Indian film producer

Kavita K. Barjatya (born 12 November 1977) is an Indian television and film producer who works with Rajshri Productions, a film company owned by her parental family.

==Background and personal life==
Barjatya was born on 12 November 1977 in Mumbai. She is the daughter of Kamal Kumar Barjatya, the present managing director of Rajshri Productions, and the granddaughter of film producer Tarachand Barjatya, who founded Rajshri Productions in 1947.
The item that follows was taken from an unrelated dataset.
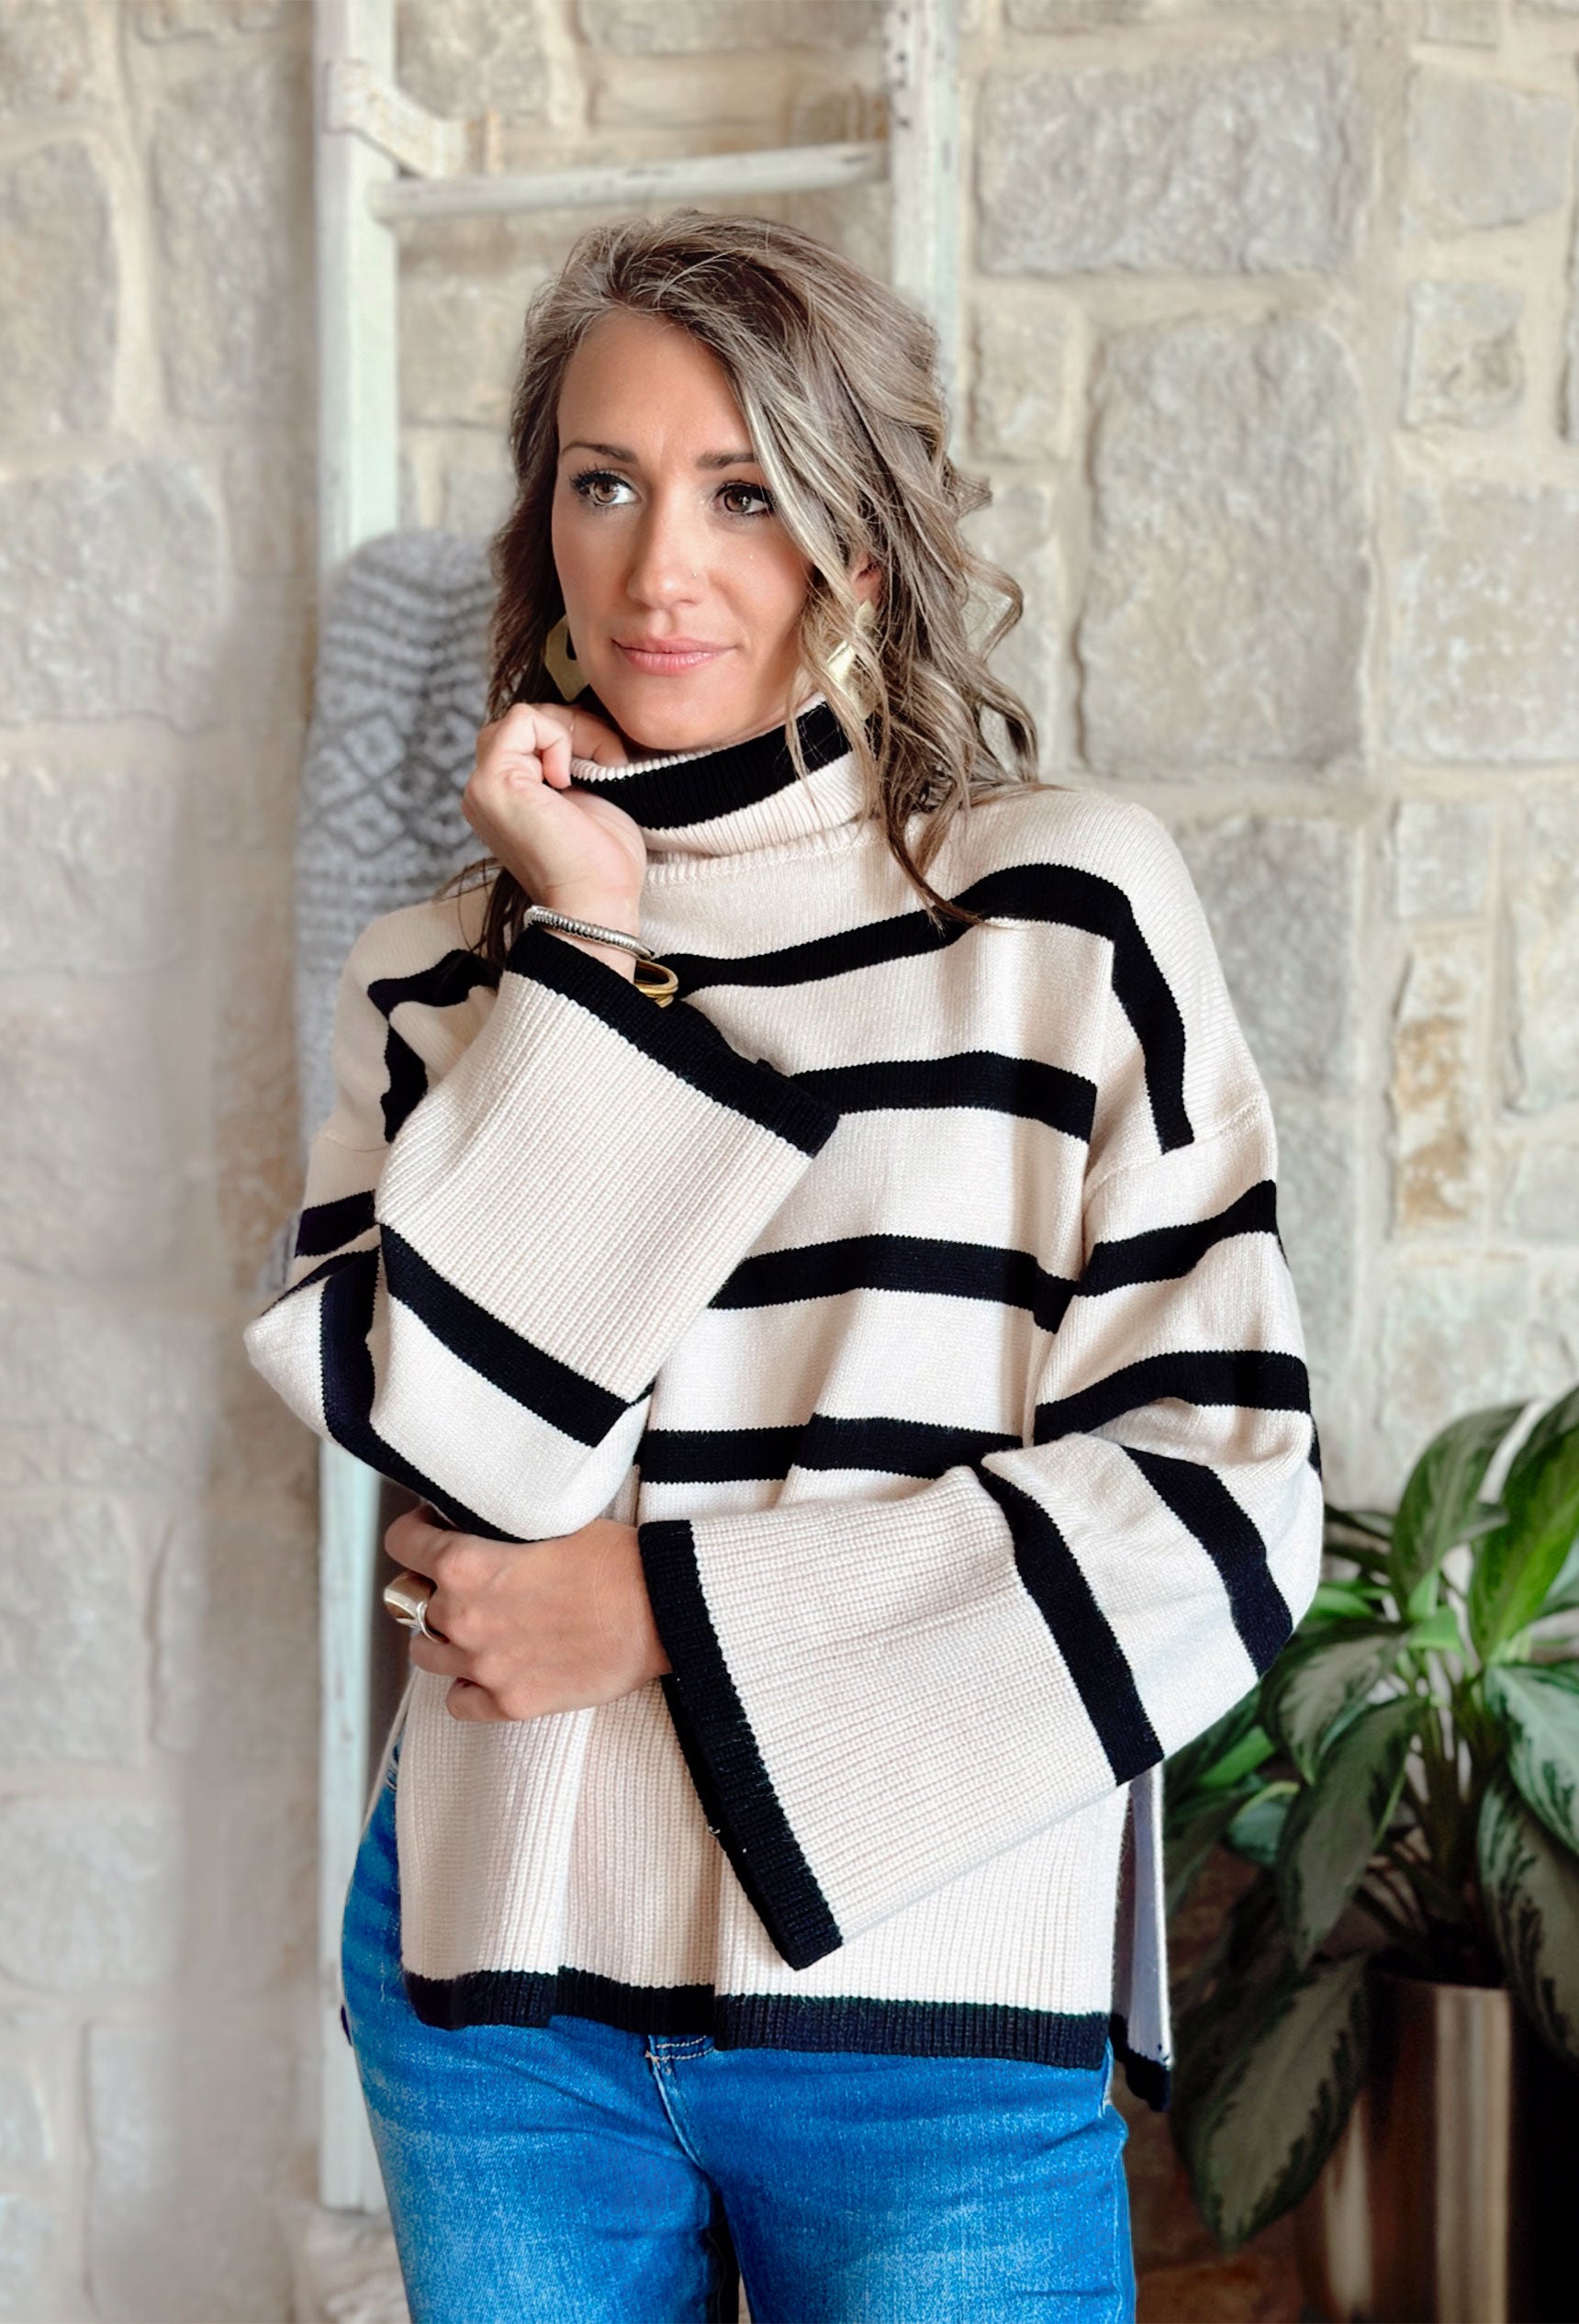 Cider in Soho Sweater, black and cream striped turtle neck sweater with wide sleeves and slits on the sides
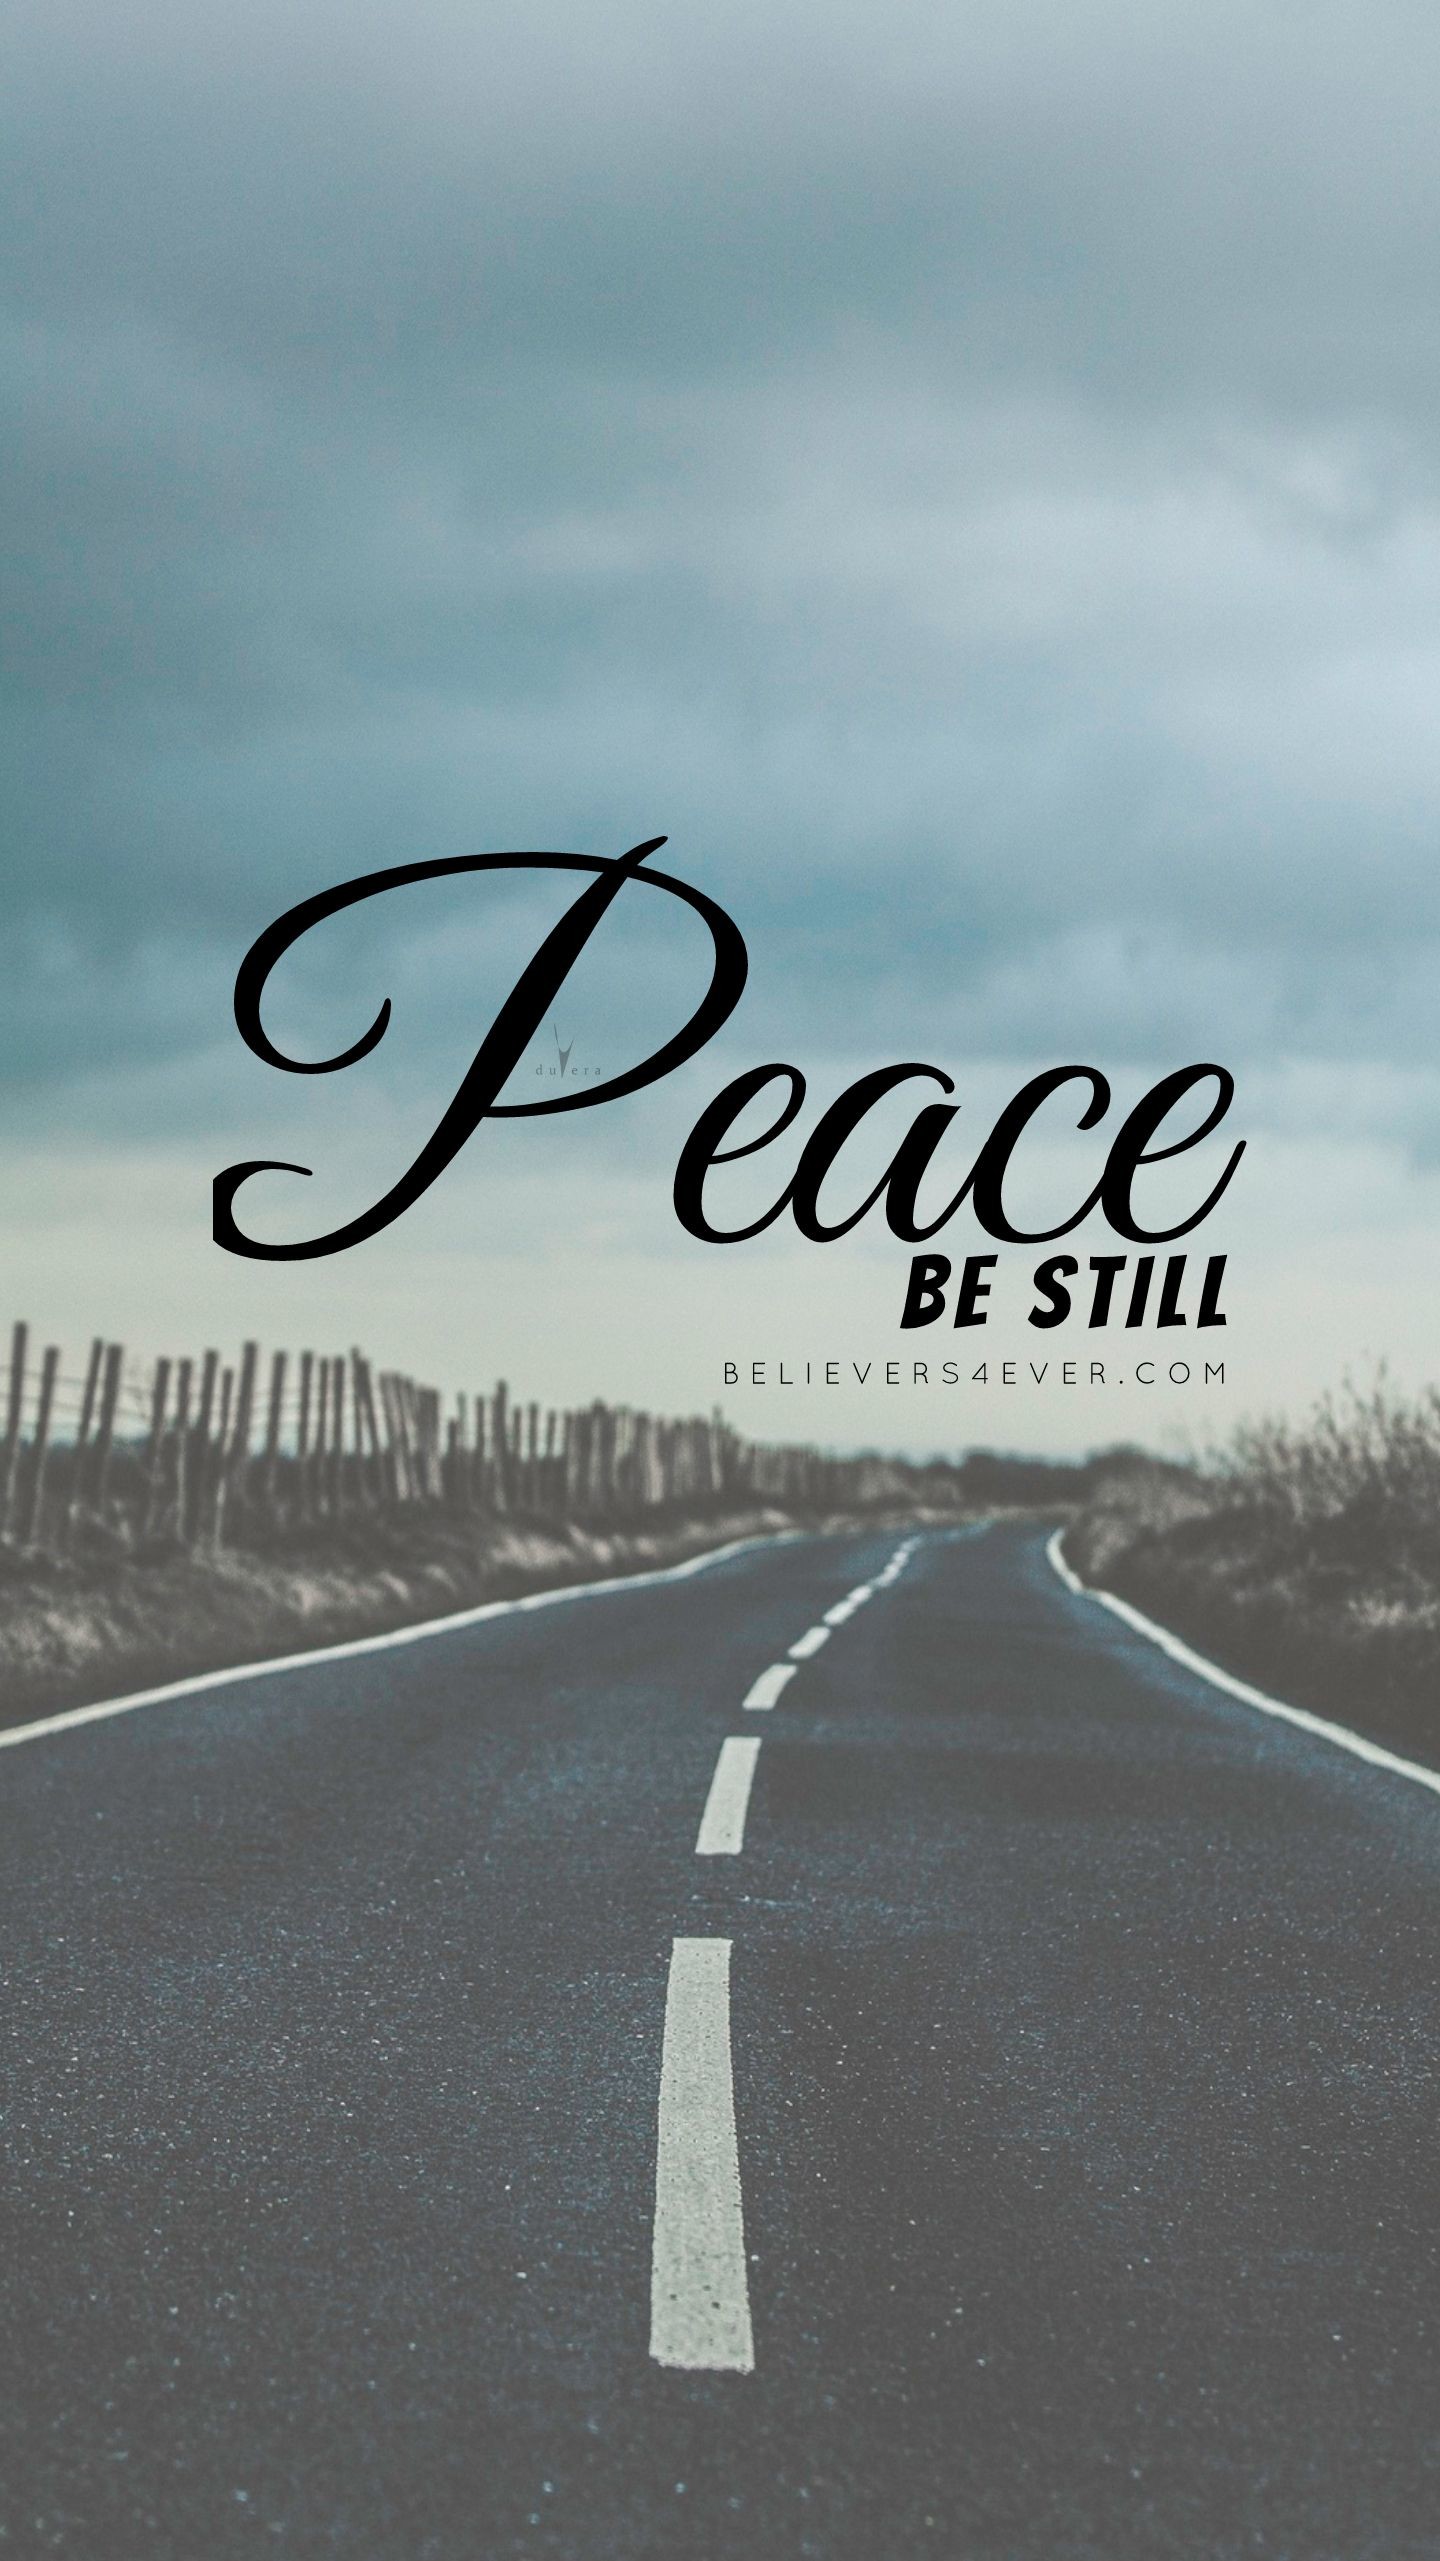 1440x2561 Peace be still Free Christian lock screen wallpaper background for your  mobile phone device. Compatible with iPhones and Android phones,

Barjatya went to school in Mumbai. She graduated with a distinction from Sydenham College and then earned a postgraduate degree in management from NMIMS University. She is a trained vocal singer and Kathak dancer and has delivered several live stage performances; she plays various musical instruments too.

She had a brief marriage that lasted for about 100 days. This was the turning point in her life and since then she has been focused on building her career.

==Career==
Her career in the entertainment industry in India commenced with Main Prem Ki Diwani Hoon, where she assisted her cousin, Sooraj R. Barjatya.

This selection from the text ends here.